Extremely complex determination of CO2 emissions from international suppliers

With immediate effect German companies that import such materials must determine the emissions of their suppliers that supply materials from the above list. But it is not enough to ask and get some figures.

Rather, the reporting obligations are standardized. European companies must provide their suppliers with extensive Excel lists containing many columns and rows in different colors. Suppliers and business partners in different parts of the world must report emissions in these lists in accordance with a 266-page guideline issued by the EU Commission. This, of course, presents companies with significant communication and practical challenges.

The CBAM (Carbon Border Adjustment Mechanism) represents a kind of tariff on carbon dioxide

In the future, products originating from countries with more lax environmental regulations will incur additional costs when imported into the EU. For example, a German company importing steel from a country where CO2 emissions are less strictly regulated will have to pay extra for it. This serves the EU’s goal of reducing emissions both in Europe and globally. However, for companies in the EU, for example in Germany, that import and process steel, this initially means a considerable burden.

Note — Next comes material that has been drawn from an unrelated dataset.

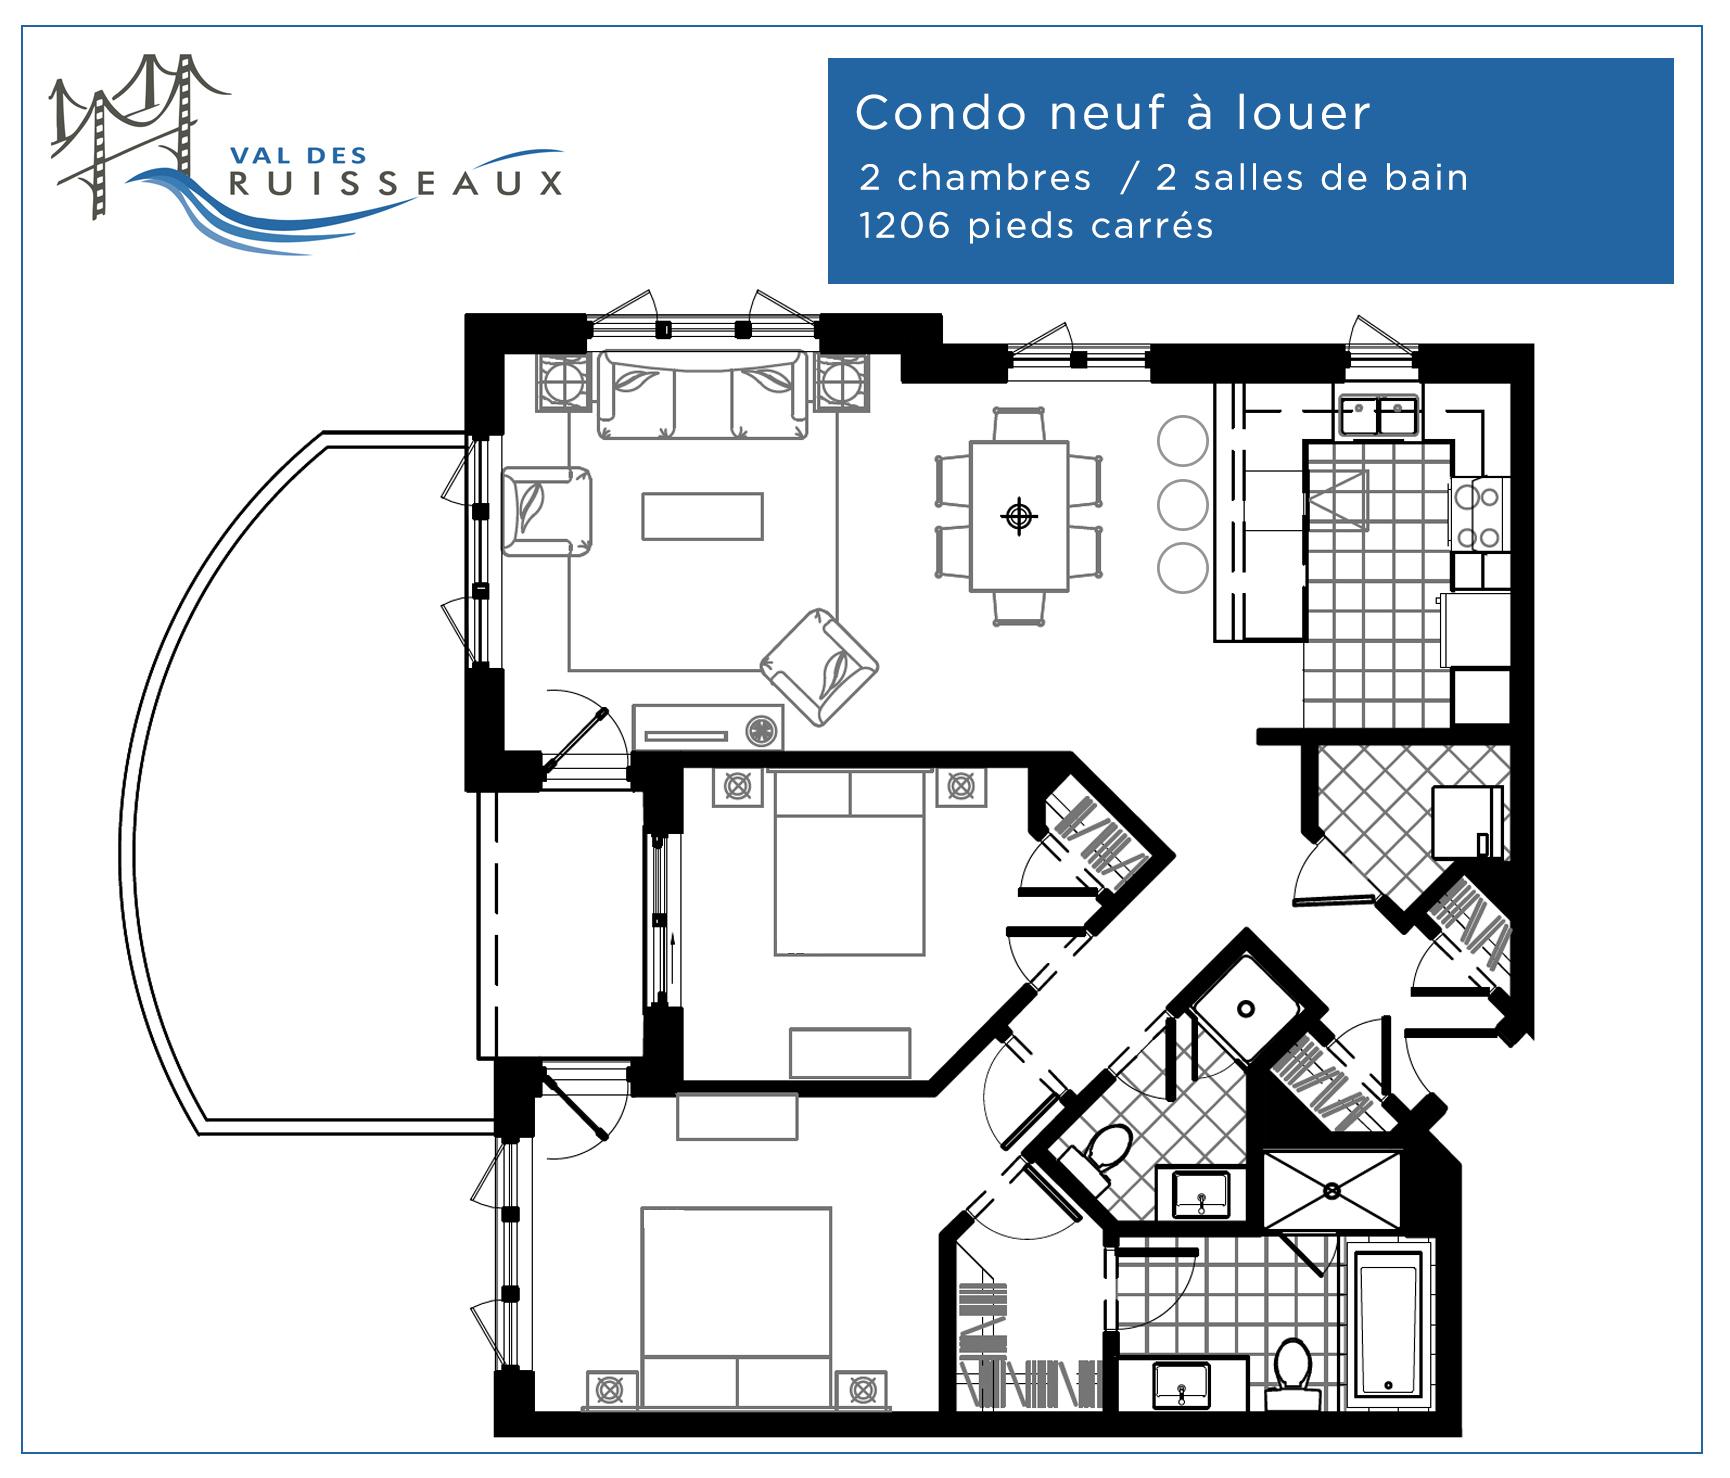 plans-vdr-2cac-1206-v3-fr

Of course, this is precisely the starting point for the intended steering effect. Because the goal is of course – similar to the CO2 price – that German industrial companies invest in green technologies such as hydrogen and, whether in factories on European soil or in other countries, thereby produce under much lower CO2 emissions than was previously possible.

A logical effect would be that imports of non-green produced materials will be cheaper at first, as their producers do not have to refinance the high future investments. Therefore, the efforts of industries that produce green should be protected.

This is what this duty is for. Any supplying company that wants to export to the EU and does not want to pay the new levy under CBAM will have to produce green. That is the whole point.

The EU climate duty is closely linked to European emissions trading. Companies must purchase CO2 allowances for greenhouse gas emissions, for which a certain price is set in the EU. This is intended to encourage companies to do more to protect the climate. One problem with this is that European companies may be tempted to source CO2-intensive products from countries without emissions trading, which would merely shift CO2 emissions. CBAM is designed to prevent this by taxing imports of harmful goods from non-European countries.

While the payments won’t take effect until 2026, European companies are already required to identify and document how much carbon dioxide is caused by the goods they import in other parts of the world. This task is extremely challenging given the rollout timeline.

Once you imagine that presumably many suppliers outside the EU have not heard of CBAM and the associated reporting requirements, but importers can be sanctioned if they violate the rules, it becomes clear that this is a matter of drilling thick boards.

The agency be nice supports its clients in fulfilling reporting obligations of any kind, CSRD, climate accounting or footprints, and now also with the requirements arising from CBAM. Translated with www.DeepL.com/Translator (free version)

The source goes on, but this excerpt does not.